**PROBLEM TO WORK ON:**
Write back every line of the listing exactly, excluding images.
═══ DATA EXCERPT ═══
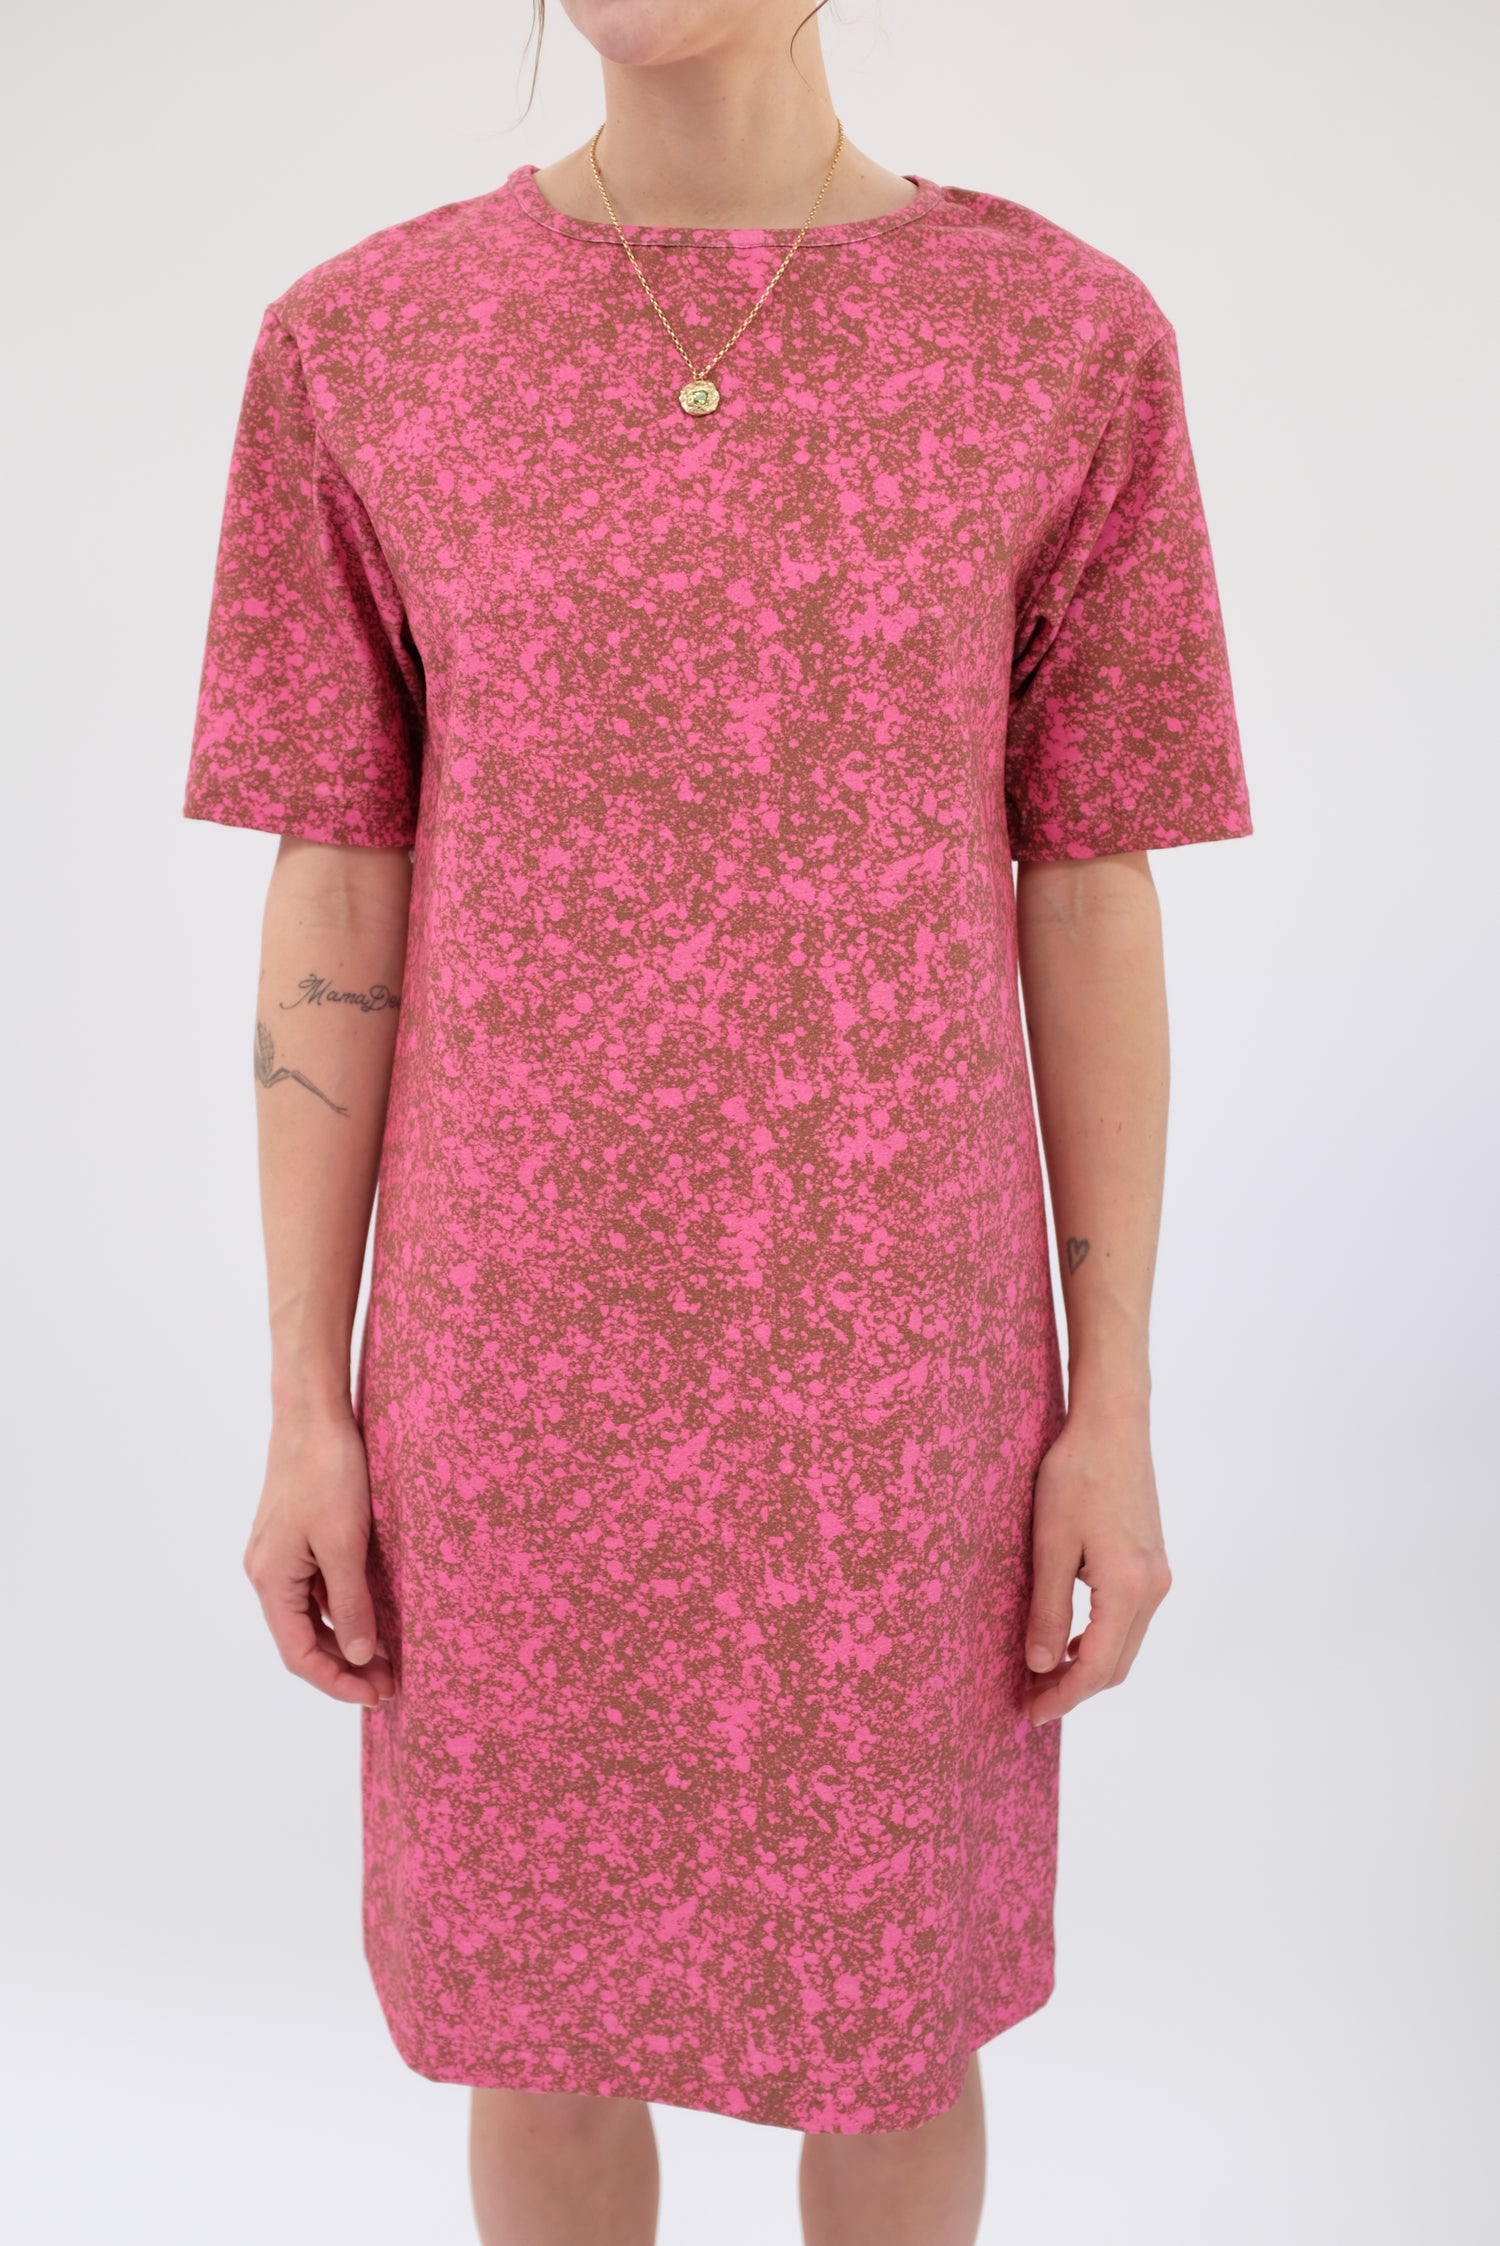 Beklina T Shirt Dress Splatter Raspberry
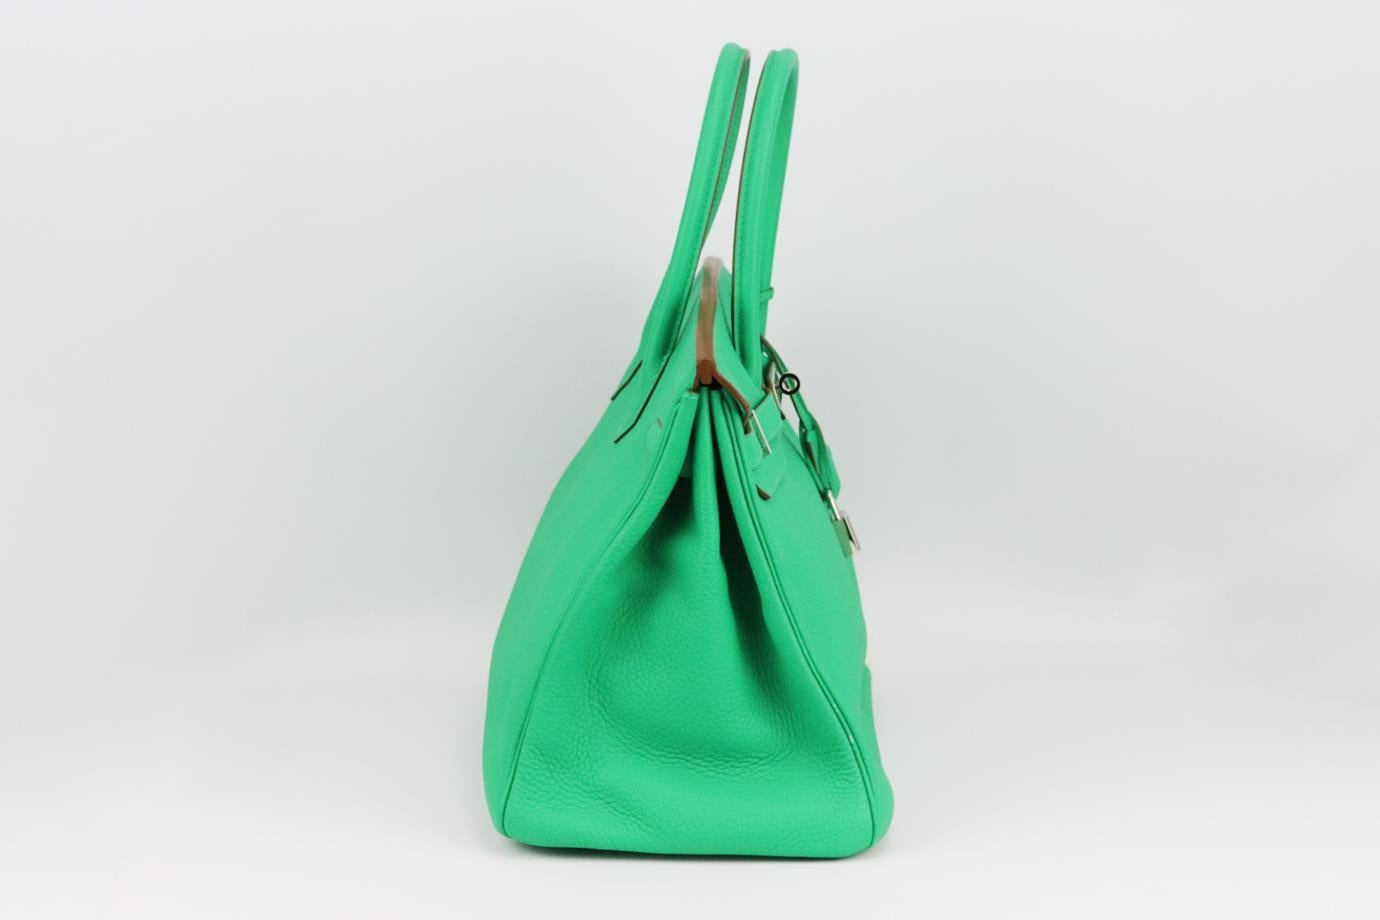 <ul>
<li>Hermès 2012 Birkin 35cm sac en cuir Togo.</li>
<li>Fabriqué en France, ce magnifique sac à main Hermès 'Birkin' 2012 a été réalisé en cuir vert 'Togo' extérieur en 'Menthe' avec intérieur en cuir assorti, cette pièce est décorée avec des
═══
**SOLUTION TO THE EXERCISE:**
 Beklina T Shirt Dress Splatter Raspberry
 <ul>
<li>Hermès 2012 Birkin 35cm sac en cuir Togo.</li>
<li>Fabriqué en France, ce magnifique sac à main Hermès 'Birkin' 2012 a été réalisé en cuir vert 'Togo' extérieur en 'Menthe' avec intérieur en cuir assorti, cette pièce est décorée avec des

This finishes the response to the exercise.